Hip Hop Influences

While the Border Mexicans of the early twentieth century kept their culture alive amid a hostility through the use of corridos (Paredes 32), Balam Ajpu chooses to make protest music in a style not so associated with the dominant Spanish tradition, but that is still rooted in fighting the white American cultural hegemony (Bell 169). Hip Hop, a musical style that emerged in 1970s and 80s New York, has always been thematically concerned with the systemic racism that led to the dire social conditions African-Americans were living in (Navarro 568). It in this vein of hip hop, which offers critiques of racism, classism, and sexism that Balam Ajpu finds itself in (Navarro 568). 

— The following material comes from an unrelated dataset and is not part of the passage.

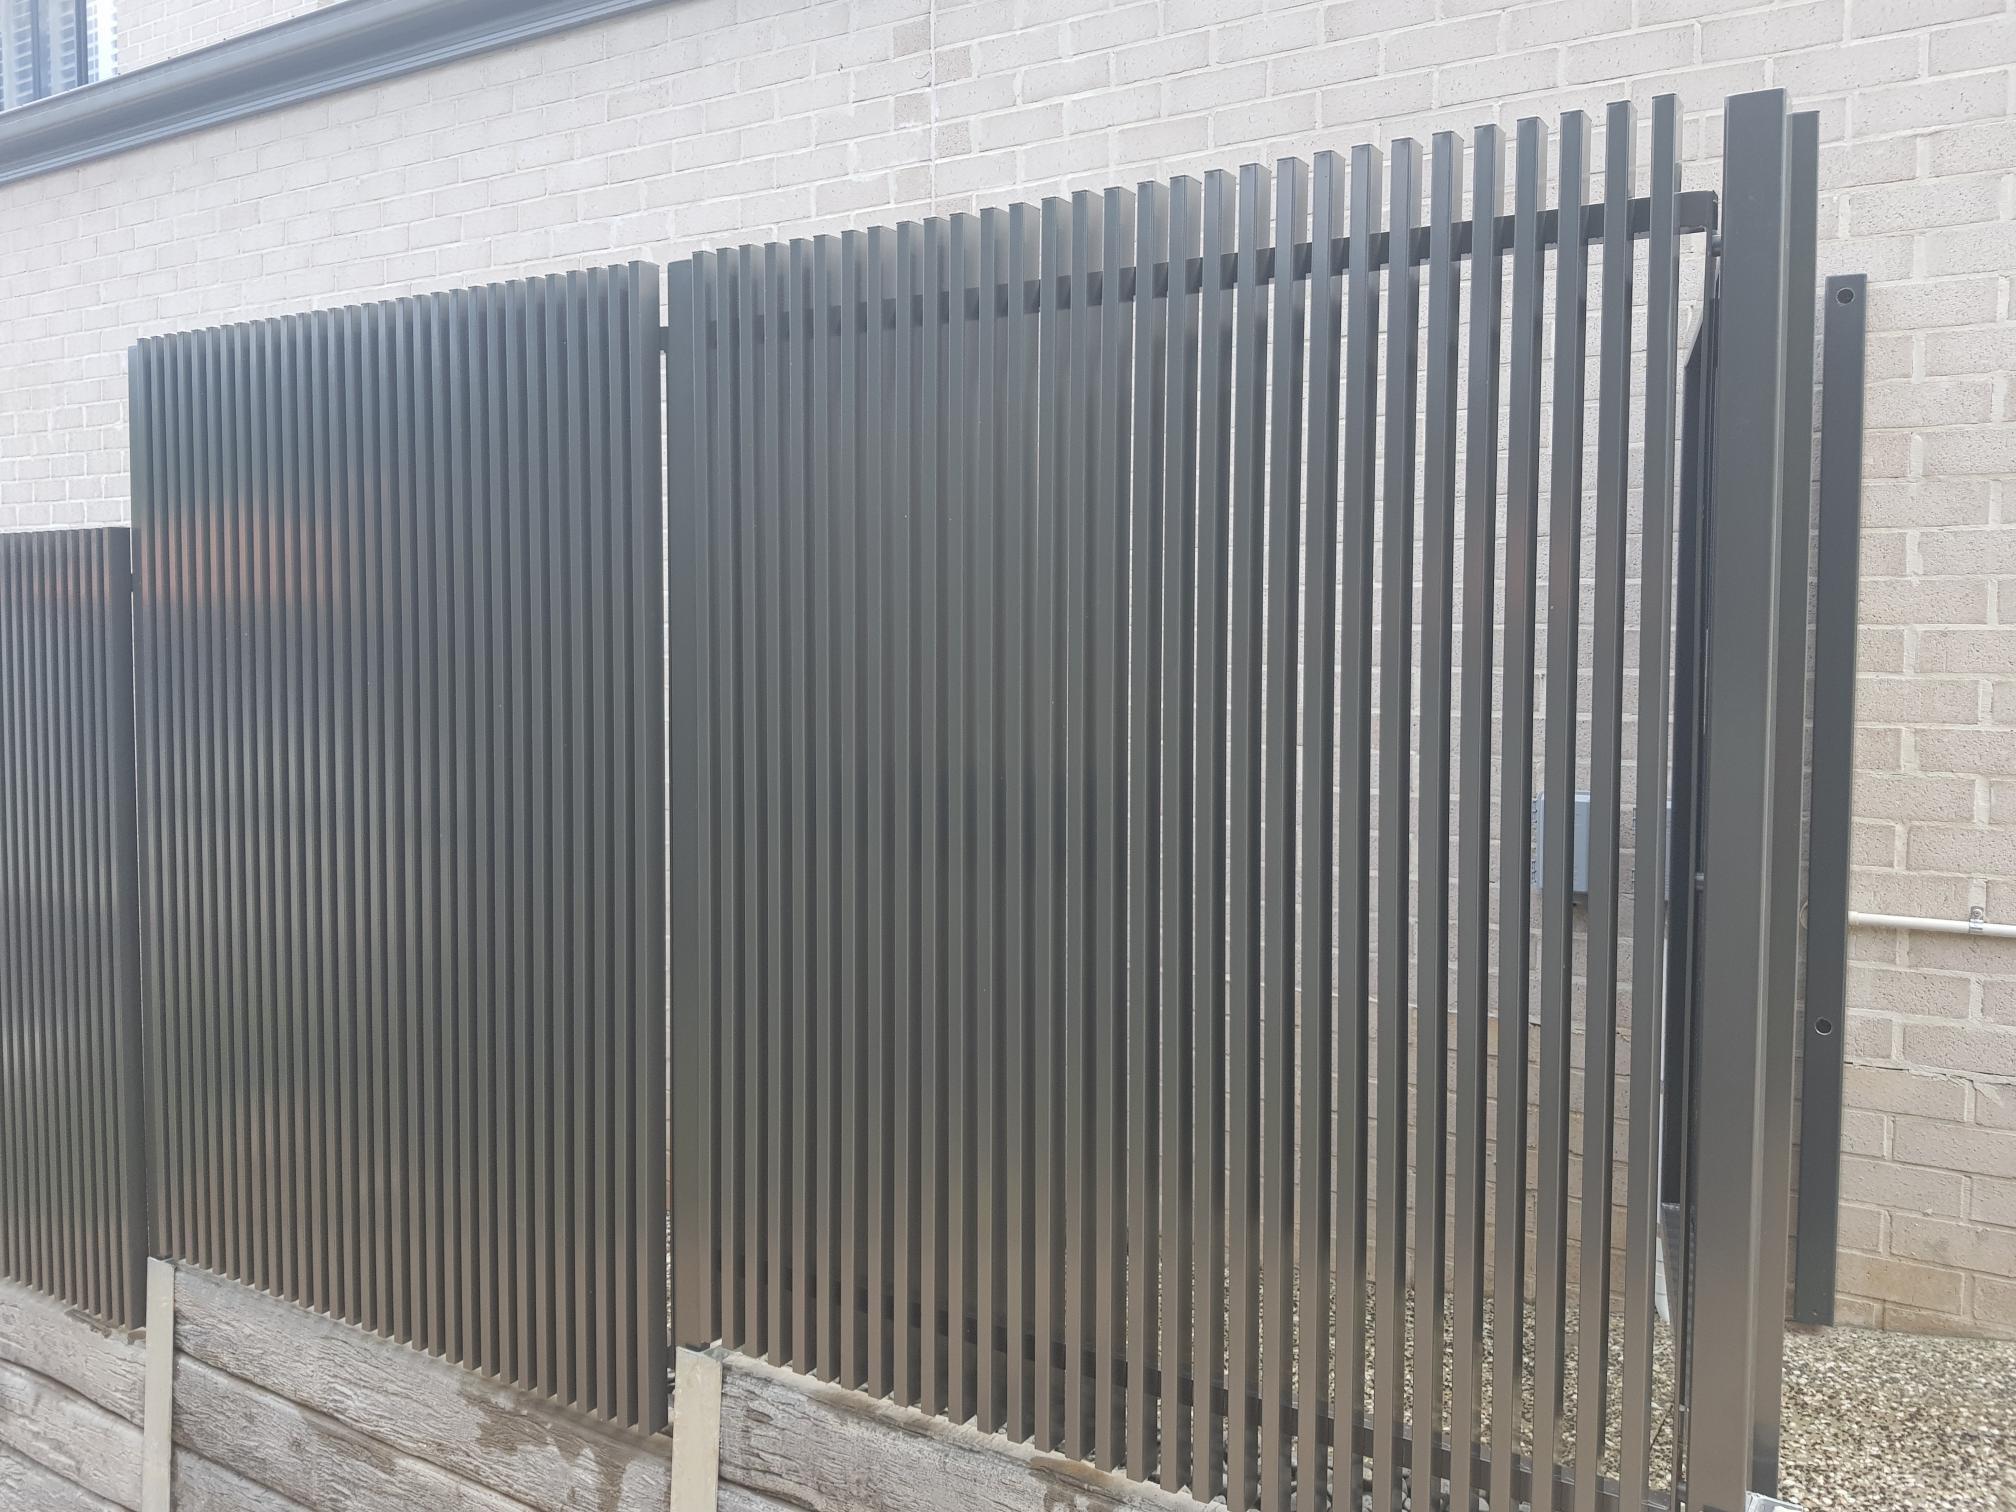 Aluminium Fencing 8 - www.thefabcompany.com.au

Hip hop as a genre has never been more popular, and it has spread from New York to all over the world. But while secure language traditions such as Japanese and German have produced hip hop which outright copies its American predecessor, the group Balam Ajpu more faithfully adhere to hip hop’s founding ideology. The rappers are proponents of “keeping it real,” an ideological concept within hip hop stating that the music one makes should conform to local identity and language in order to accurately reflect the community one came up in (Barrett 145). Balam Ajpu accomplishes this by sampling local sounds to make their beats, writing their verses in the variety of Maya dialects present around Lake Atitlán (Bell 169), and structuring their bars in the style of traditional Maya poetry (Barrett 145). While recontextualizing hip hop to their own scene, Balam Ajpu continue to pay homage to the pioneers of the style. They connect their own use of the Maya language, which lacks prestige in Guatemala, with the first rappers writing in their own denigrated vernacular, African American Vernacular English (Barrett 145). Balam Ajpu see themselves as a continuation of the struggle for civil rights that African Americans started in the 1960s-80s (Barrett 147).